A home program that focuses on strengthening and coordination of the above-mentioned muscles is usually created after your evaluation. As you gain strength, coordination, this program can be continued in your subsequent therapy visits. To help you activate your muscles properly and reduce pain, manual techniques can also be used.

What exercises can be used to treat pelvic floor dysfunction (PFD)?

Exercises that train the pelvic floor muscles are a good option for treating many symptoms of pelvic floor dysfunction (PFD), such as urinary incontinence, difficulty with sexual desire, and pelvic pain.

This training focuses on Kegel exercises. These are meant to help you activate and strengthen important muscles under your bladder, large intestinale, and uterus. A biofeedback machine may be used by your physical therapist to visualize muscle contractions and help you turn these structures on.

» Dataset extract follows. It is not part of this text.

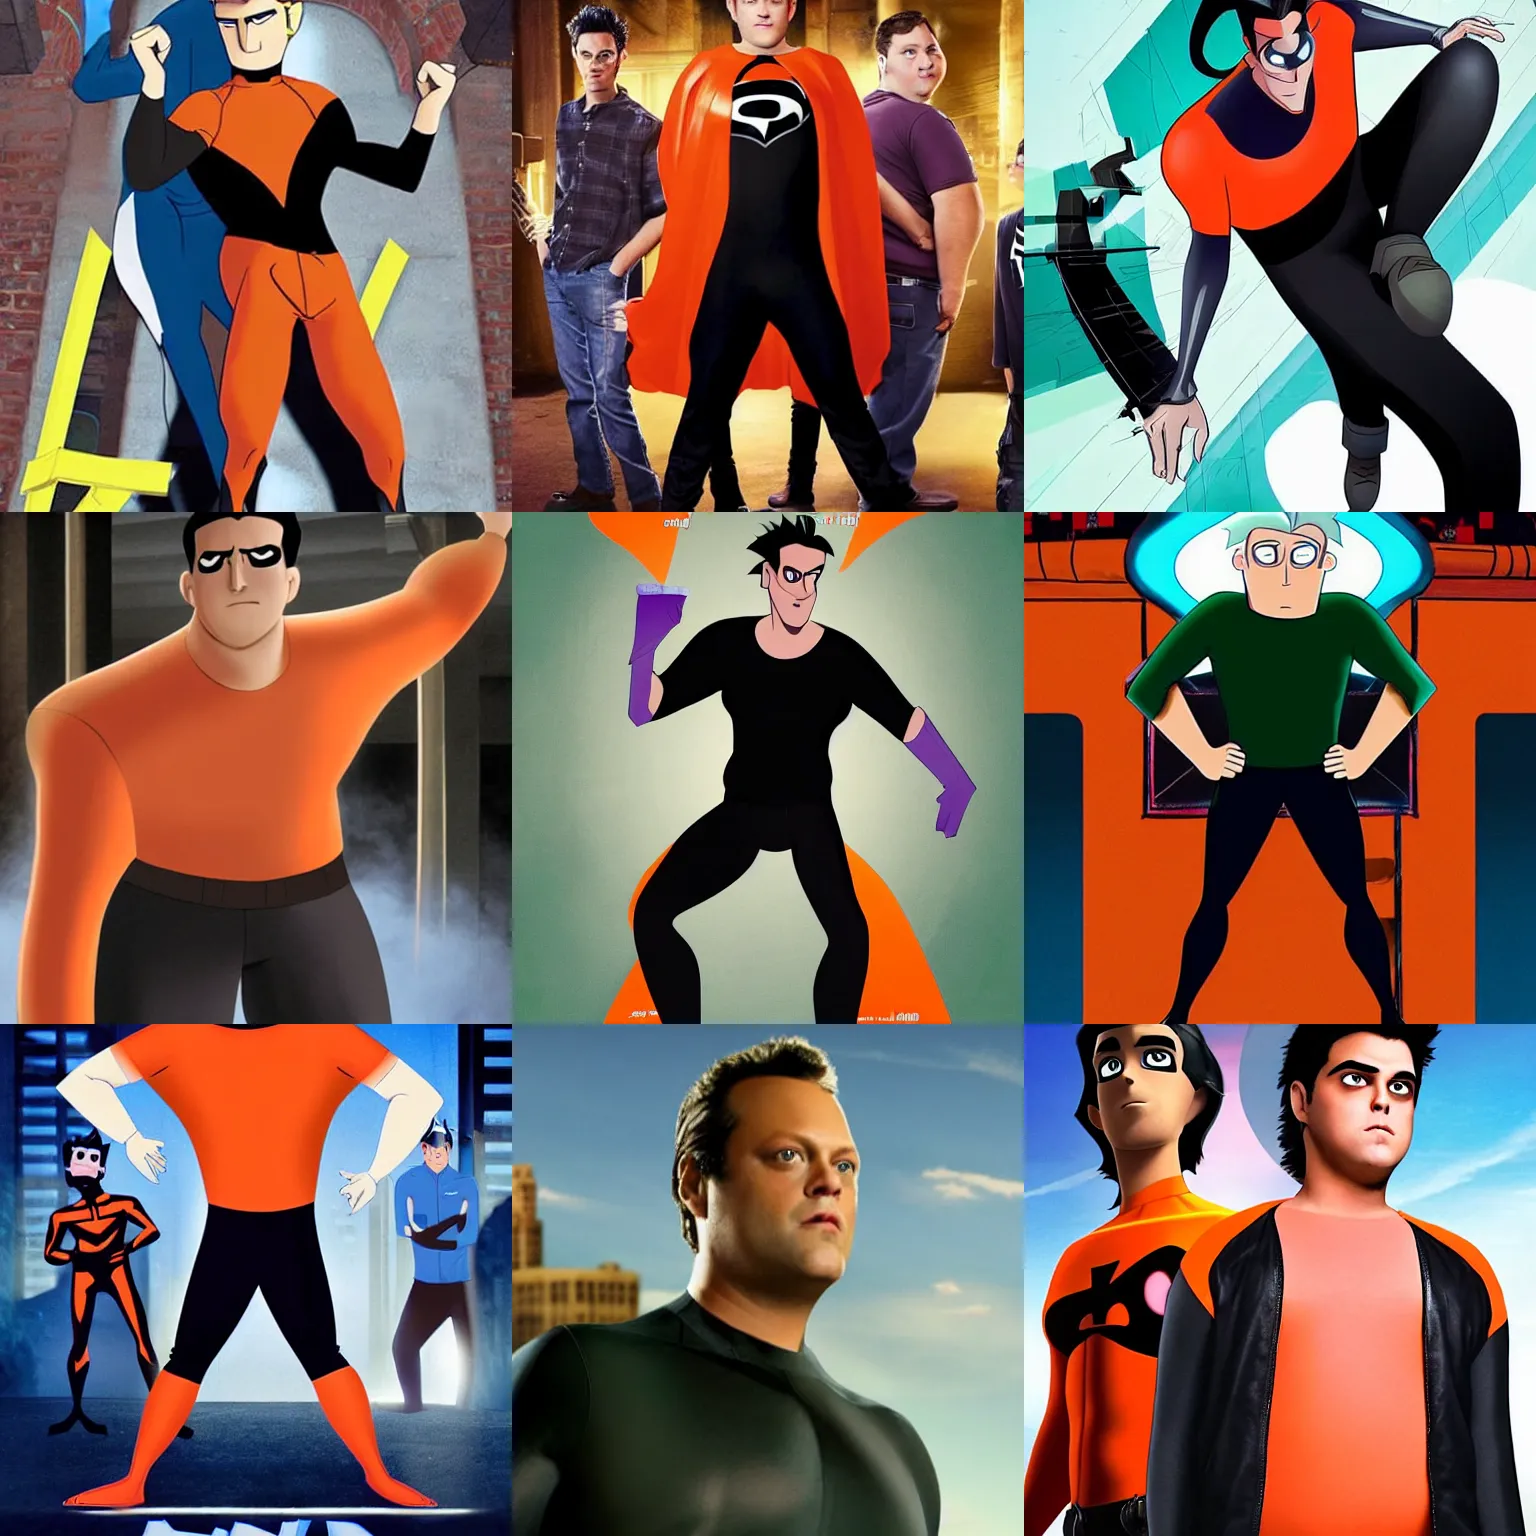 Prompt: a cinematic poster of vince vaughn as supporting character jack fenton from the live - action netflix superhero series'danny phantom'; fat ; loose - fitting orange bodysuit with black neck ; digital photograph

Pelvic floor therapy often targets structures that are too tight/constantly contracted in pelvic floor. It’s not always about contracting muscles. Sometimes, it’s all about learning to relax the muscles.

What length should postpartum physical therapy be?

It may take a while before your postpartum symptoms start to improve depending on how severe they are. However, some problems such as pelvic pain can be treated with physical therapy in as little as five to seven weeks. Some issues like pelvic floor prolapse or urinary incontinence may require several months of treatment before noticeable improvement can be seen.

Your PT can provide a more precise estimate of your recovery time frame after a thorough evaluation.